Electric cars make getting around as a pedestrian increasingly impossible

Man's hand plugs electric car into home charging port
Man's hand plugs electric car into home charging port

Electric cars, as we are forever being told, are good for the environment, cleaning up city air and leading to fewer carbon emissions. Except, that is, when they are stopping people getting about on foot because their owners don’t want to use public chargers and are trying to save money by dangling charging cables across the pavement.

Anyone else getting fed up of having to step over these things? Whole neighbourhoods are becoming blighted by cables. And no, it is not alright, as with one house I passed this morning, to put up a bright yellow sign saying “trip hazard”. The hazard shouldn’t be there at all. If it is there next time I pass the house I have a good mind to stage a pratfall and then ring one of these no win, no fee lawyers.

It was entirely predictable that we would end up with electric car owners laying cables across the pavement, and yet, as with everything to do with net zero, the problem was ignored. The holy grail of net zero takes precedence over everything else.

According to the charging app ZapMap the average cost of charging an electric car at home is 24 pence per kilowatt-hour, compared with 80 pence for using a public charger. Inevitably the 8 million people who live in homes without off street parking are going to try to get away with charging at home, trying to possess the street in front of their homes in the process.

There are companies which will dig you a little channel so that you can sink in your charging cable without tripping over pedestrians, but given that it costs £2000 a time, funnily enough motorists don’t want to pay that either.

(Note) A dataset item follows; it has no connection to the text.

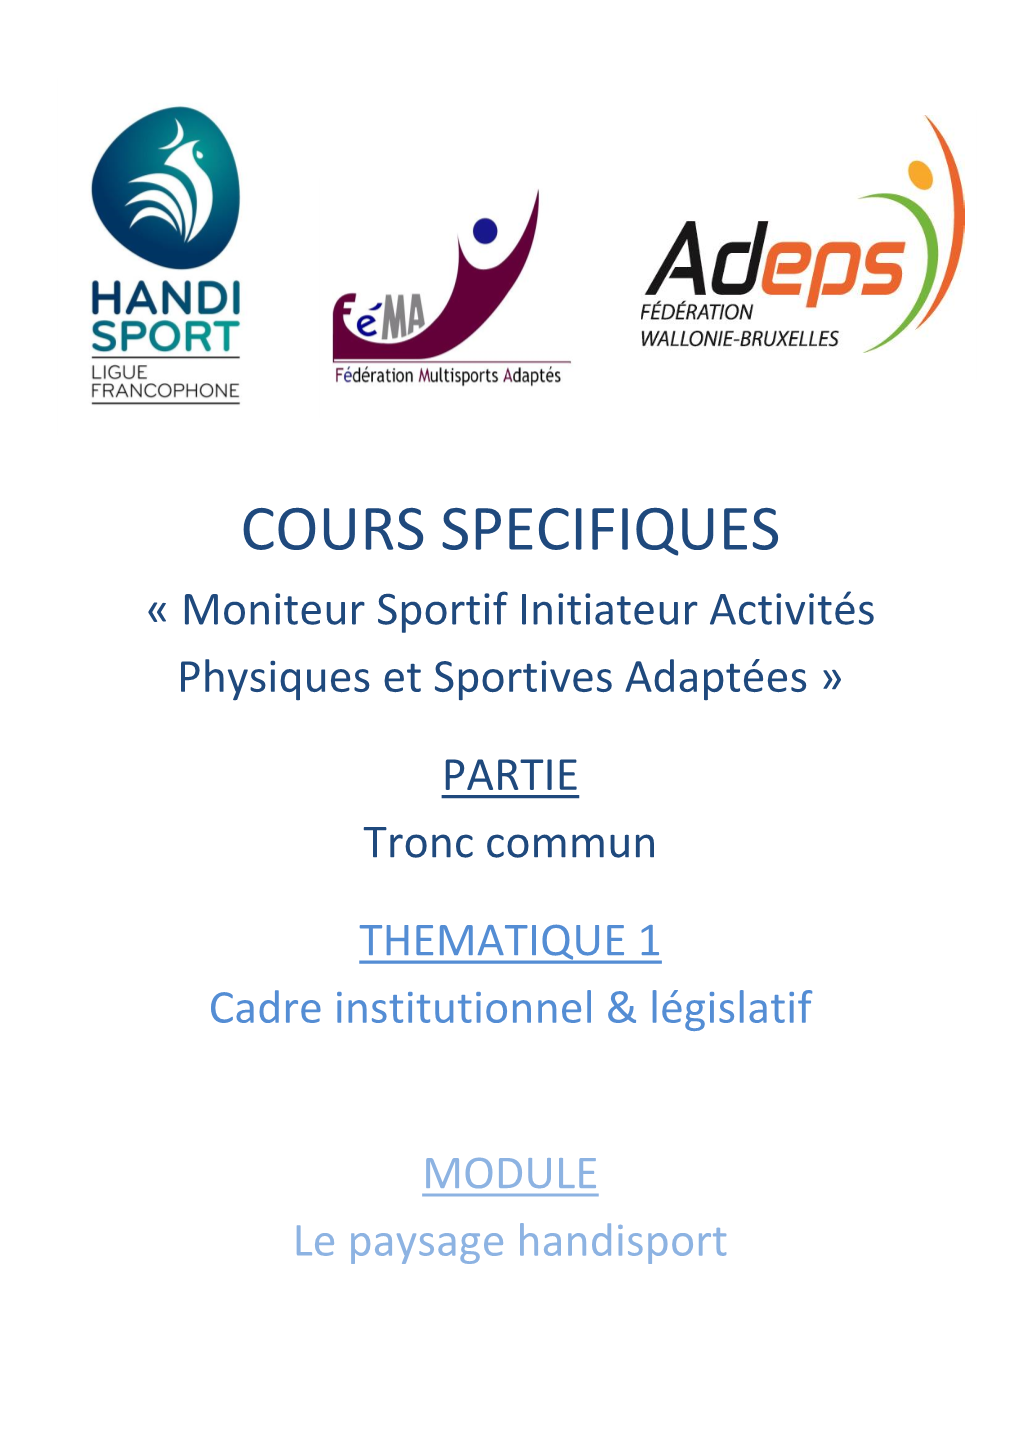 COURS SPECIFIQUES « Moniteur Sportif Initiateur Activités Physiques Et Sportives Adaptées »

Electric cars are completely incompatible with houses without off-street parking, but the government completely ignored this in its desperation to force them on us.

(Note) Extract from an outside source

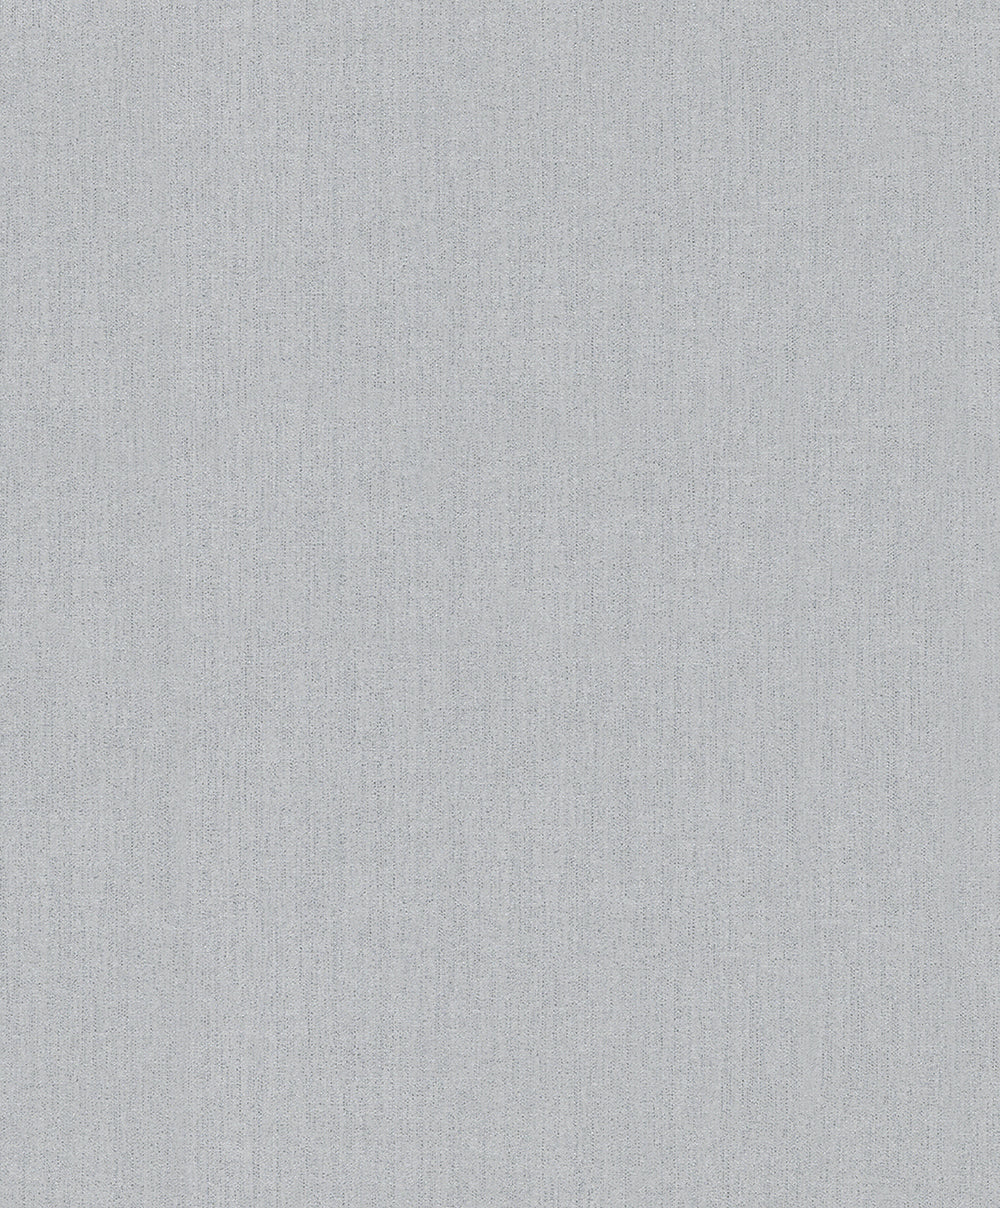 Schoner Wohnen New Spirit - Textured Metallic Plain plain wallpaper Marburg Roll Grey  32707

But it isn’t just the cables. Street chargers, too, are gradually gobbling up pavement space. Walking is by far the most environmentally friendly way of getting about towns, yet it is being made a misery by all the things which are supposed to be helping the environment.

Pavements are being taken over by eco-louts on e-scooters. Cycle paths which used to be tranquil, with just the odd cyclist, are now hell-holes full of people on e-bikes, which typically travel at far higher speeds.

If councils want to create environmentally friendly cities the first thing they should be doing is to clear the pavements of detritus: ev charging cables, e-scooter docking stations, e bikes, and bus shelters, too, while they are at it. The rest of us get wet when we go for a walk in the rain, so why should bus passengers have these pavement-blocking facilities provided for them at public expense?

Every public authority now seems to talk about their “walking strategy”. They could start by clearing pavements of obstacles, even if it means electric car owners having to pay more to recharge them.